Center for Molecular and Behavioral Neuroscience, Rutgers University, Newark, New Jersey, United States of America.
Behavioral and Neural Sciences Graduate Program, Rutgers University, Newark, New Jersey, United States of America.
PLoS Biol. 2022 Aug 18;20(8):e3001686. doi: 10.1371/journal.pbio.3001686. eCollection 2022 Aug.
How cognitive task behavior is generated by brain network interactions is a central question in neuroscience. Answering this question calls for the development of novel analysis tools that can firstly capture neural signatures of task information with high spatial and temporal precision (the "where and when") and then allow for empirical testing of alternative network models of brain function that link information to behavior (the "how"). We outline a novel network modeling approach suited to this purpose that is applied to noninvasive functional neuroimaging data in humans. We first dynamically decoded the spatiotemporal signatures of task information in the human brain by combining MRI-individualized source electroencephalography (EEG) with multivariate pattern analysis (MVPA). A newly developed network modeling approach-dynamic activity flow modeling-then simulated the flow of task-evoked activity over more causally interpretable (relative to standard functional connectivity [FC] approaches) resting-state functional connections (dynamic, lagged, direct, and directional). We demonstrate the utility of this modeling approach by applying it to elucidate network processes underlying sensory-motor information flow in the brain, revealing accurate predictions of empirical response information dynamics underlying behavior.
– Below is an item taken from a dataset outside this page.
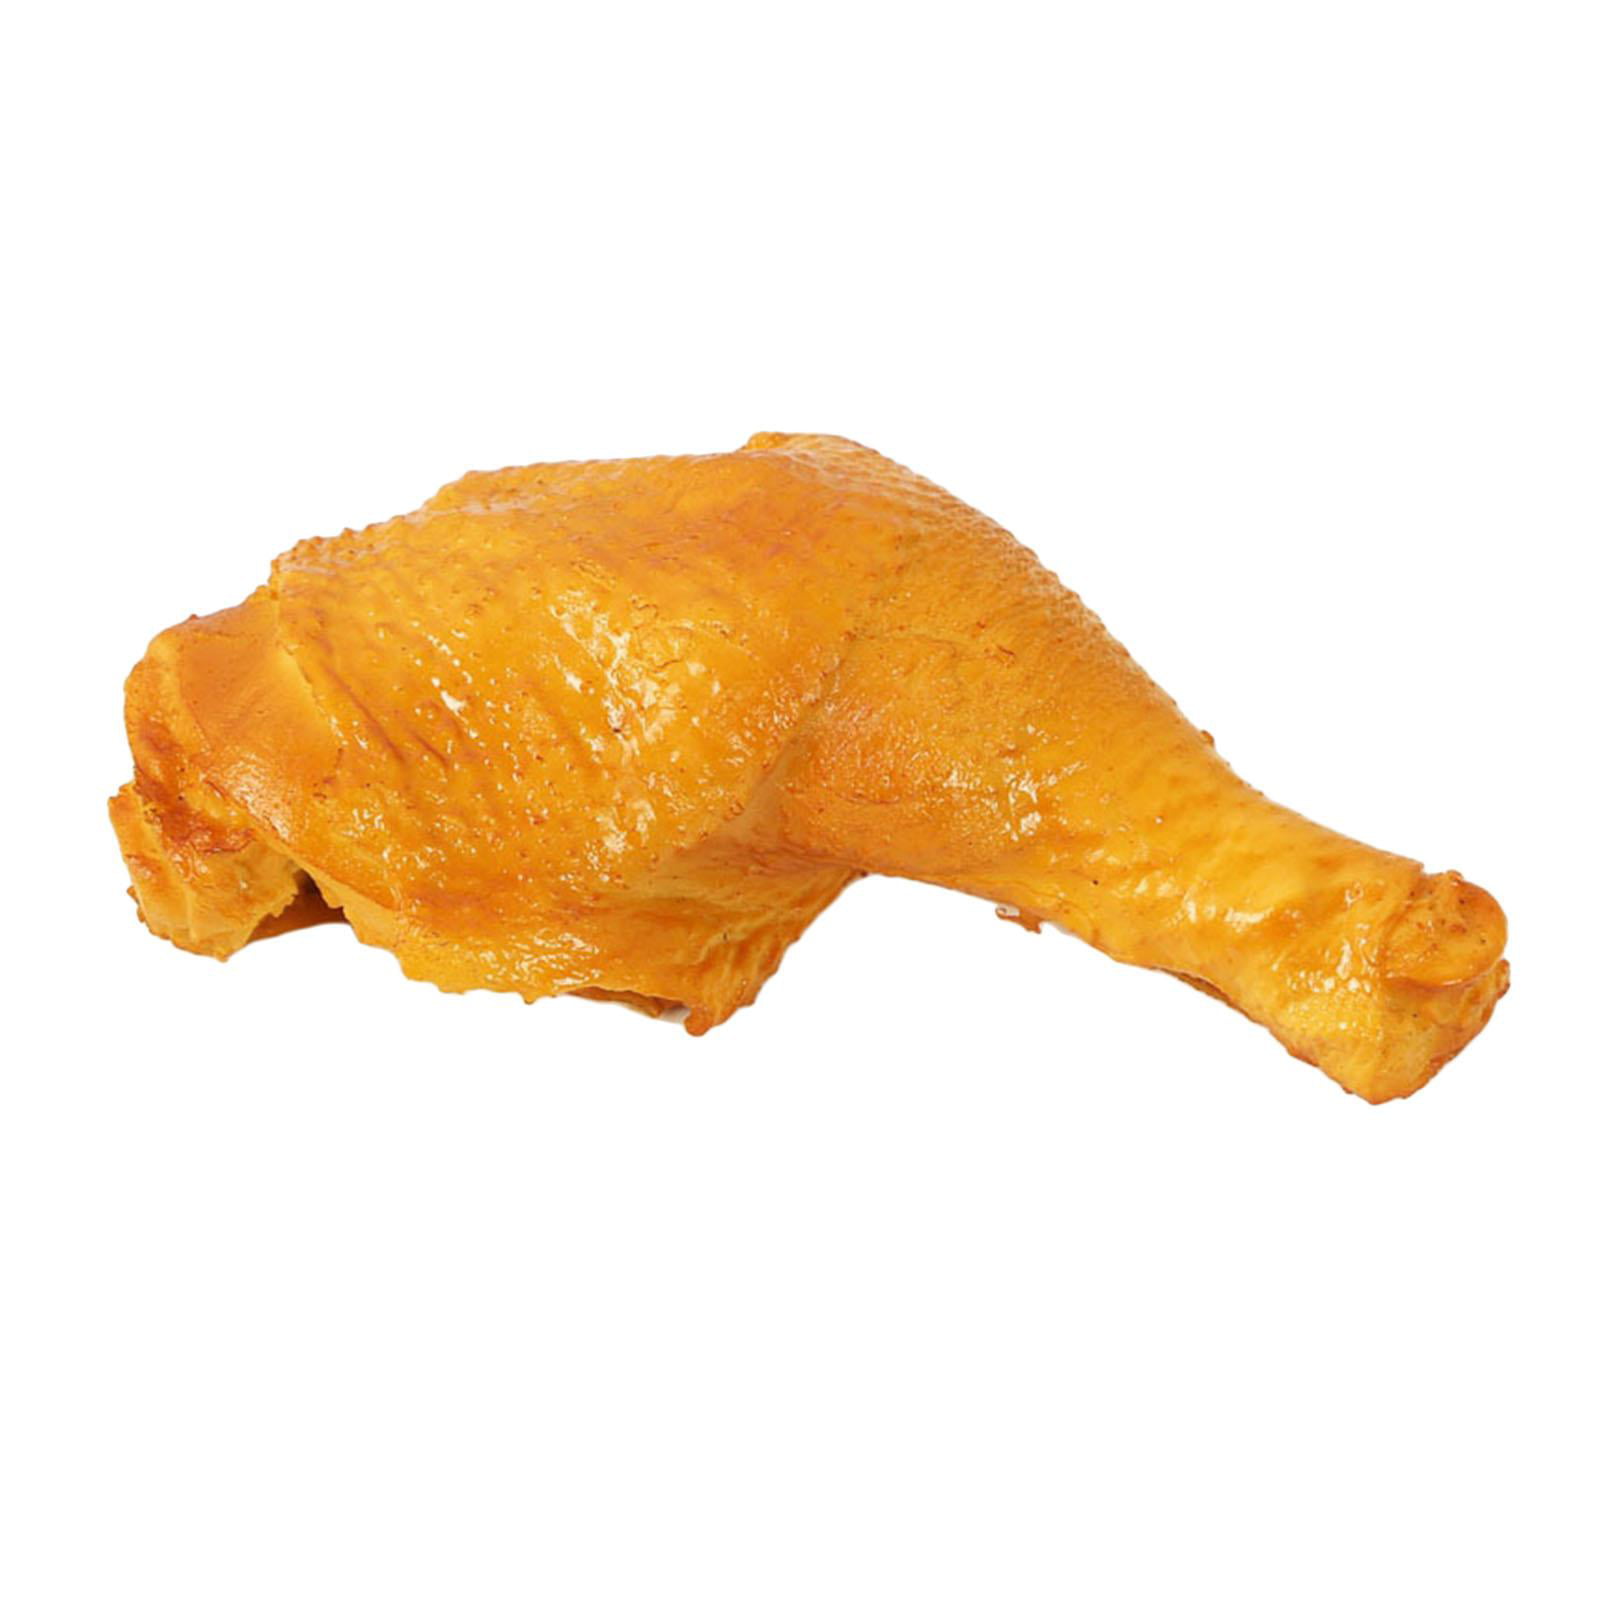 Realistic Simulation Chicken, Artificial Lifelike Meat Model Ornaments ...

Extending the model toward simulating network lesions suggested a role for the cognitive control networks (CCNs) as primary drivers of response information flow, transitioning from early dorsal attention network-dominated sensory-to-response transformation to later collaborative CCN engagement during response selection. These results demonstrate the utility of the dynamic activity flow modeling approach in identifying the generative network processes underlying neurocognitive phenomena.
大脑网络相互作用如何产生认知任务行为是神经科学的一个核心问题。回答这个问题需要开发新的分析工具,这些工具首先可以以高时空精度(“在哪里”和“何时”)捕获任务信息的神经特征,然后允许对将信息与行为联系起来的大脑功能的替代网络模型进行经验测试(“如何”)。我们概述了一种适用于此目的的新网络建模方法,并将其应用于人类的非侵入性功能神经影像学数据。我们首先通过将 MRI 个体化源脑电图(EEG)与多元模式分析(MVPA)相结合,动态解码人类大脑中任务信息的时空特征。然后,一种新开发的网络建模方法——动态活动流建模——模拟了在更具因果可解释性(相对于标准功能连接[FC]方法)的静息状态功能连接(动态、滞后、直接和定向)上的任务诱发活动的流动。我们通过将该模型应用于阐明大脑中感觉运动信息流动的网络过程来证明该建模方法的实用性,从而准确预测行为背后的经验反应信息动力学。将模型扩展到模拟网络损伤表明认知控制网络(CCN)作为反应信息流动的主要驱动因素的作用,从早期背侧注意网络主导的感觉转变为反应选择期间后期协作 CCN 的参与。这些结果表明,动态活动流建模方法在识别神经认知现象背后的生成网络过程方面具有实用性。